I’ve noticed a recurring theme at the open AA meetings I’ve attended lately. Nearly every speaker has said that they came late to the practice of daily meditation, even after working their programs for years. But once they started, they’d give up a lot before they’d give it up. It made me realize how much I’d let my own practice slide.
Prayer and meditation are part of step 11, but I began both early in my Al-Anon program. My sponsor explained that the last three steps were maintenance steps, and I could practice them at any time. I was glad. I once had a daily meditation practice and missed it.
In Al-Anon, the idea behind daily meditation is to quiet the mind so it’s possible to hear the voice of a Higher Power. I’ve heard it explained this way: When pebble is dropped into a stormy pond, it’s difficult to tell. But a pebble dropped into a still pond is unmistakable. You hear it “plop” in the water, and the ripples run outward in every direction. The idea is to make the mind like a still pond.
Al-Anon is wide open as far as what constitutes meditation. It can be anything that quiets the mind. For some people, that’s a period of quiet. Exercise works for some. One woman I know uses her time in the garden.

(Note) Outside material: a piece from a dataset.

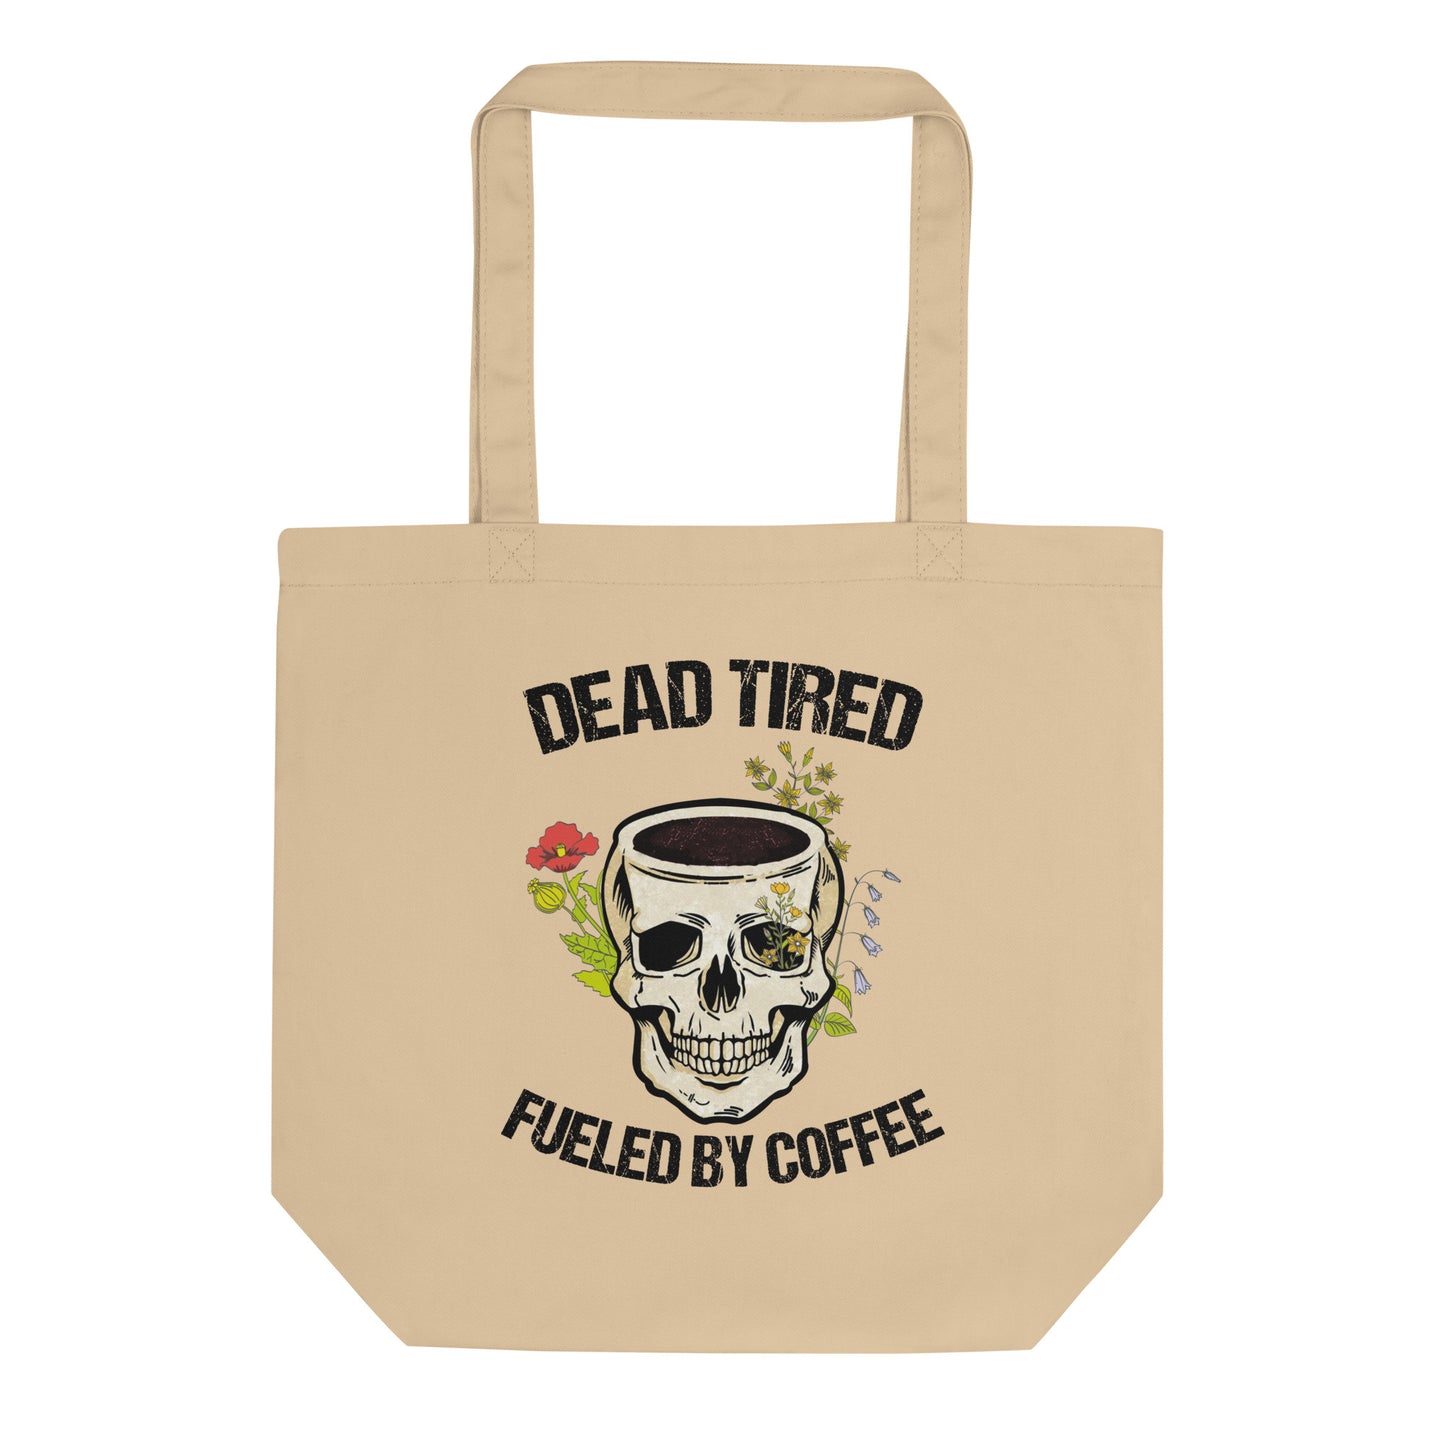 Fueled by Coffee Eco Tote Bag

I had always understood prayer as talking to God and meditation as listening. But for my sponsor, that feeling of quiet meditation comes through prayer.
I remember reading once that prayer is a form of meditation, and that all religious faiths practice some form of it. Repeating a prayer over and over works something like a mantra, and so saying a rosary, for example, could be one form of meditation.

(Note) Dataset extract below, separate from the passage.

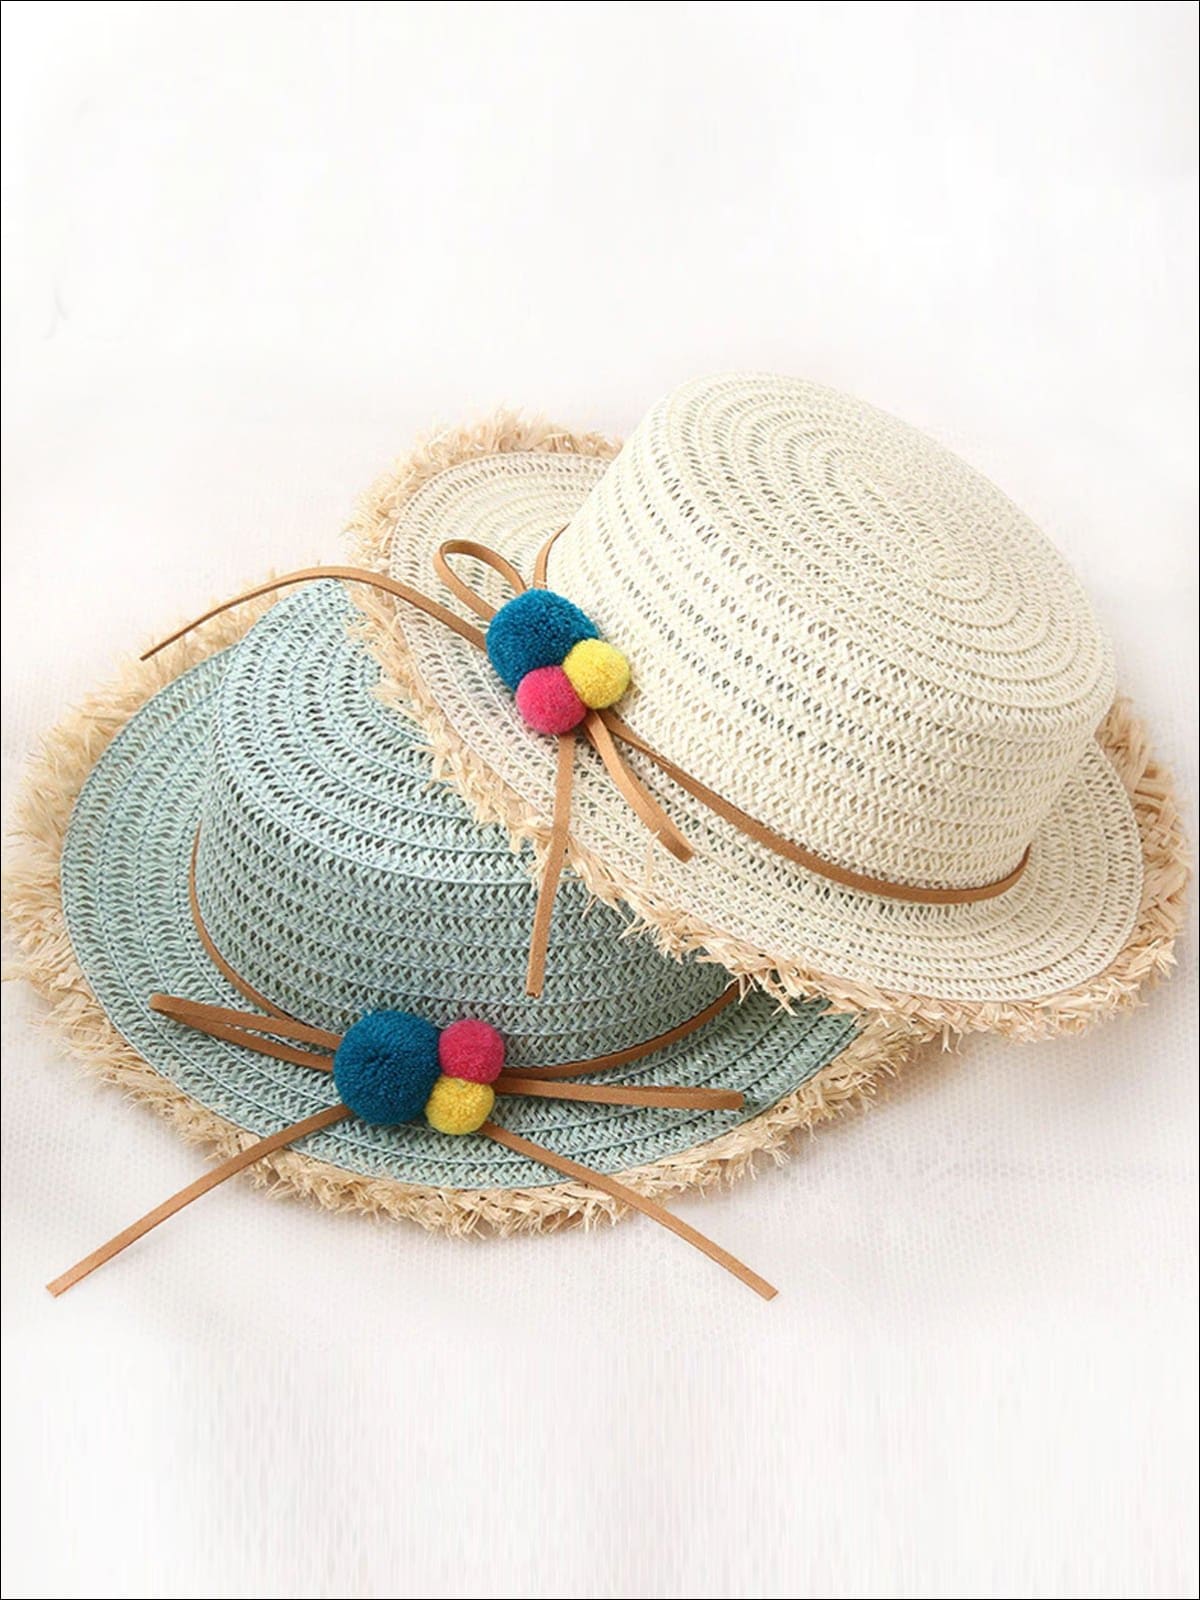 Girls Straw Hat with and Pom Poms Mia Belle Girls

The way I learned to meditate is called “mindfulness meditation.” Mostly, it involves paying attention to my breath. I like to begin with a few prayers. I find prayer centers my mind, so it’s more willing to quiet down. Then I focus on my breathing.
There are several variations I’ve been taught, and I find it’s good to mix them up. My mind reacts better when I don’t do the same thing all the time. The simplest method is to focus on the sensation of my breath where it enters my body through my nose.
A variation on the same idea is to follow my breath as it travels into my lungs and back out, noticing even that the air is dry and cool on the way in, but returns warmed and moist. Or to I say to myself “I’m breathing in. I’m breathing out.”
Another method is to focus on an idea, say, “serenity” and to imagine that I am breathing in serenity with every breath. Or I might imagine that I am breathing in serenity and breathing out stress and anxiety.
Of course, thoughts come. But I try to take note of them and release them without attaching. When I realize my mind has grabbed onto an idea and run off down the road with it, I simply remind myself to return to my breathing, without judgment.
When my mind is particularly unruly, I like to imagine myself as a cartoon character sitting serenely at the bottom of a glass of soda. The bubbles rising all around me are my thoughts, and I picture myself simply watching them rise to the surface and break.
Lately, I’ve been trying to spend extra time in prayer and meditation. It’s been so long that my mind is like an unruly child. Even in long periods of meditation, it refuses to quiet down.
Then, one day, it happened. My mind went smooth as glass. I did a body check. Completely relaxed. It was a moment of pure bliss. Ahhhh, I thought. This is it. This is what I’ve been missing. Then it was gone.
It really only qualified as a moment of silence. But what a moment. And I know the more I practice, the more often I will have them and the longer they will be.
So we are off to the land, where I hope to observe several moments of silence in the next few days. There is no internet, so I will not be posting. But I will keep you, my blogging friends, in my thoughts and prayers.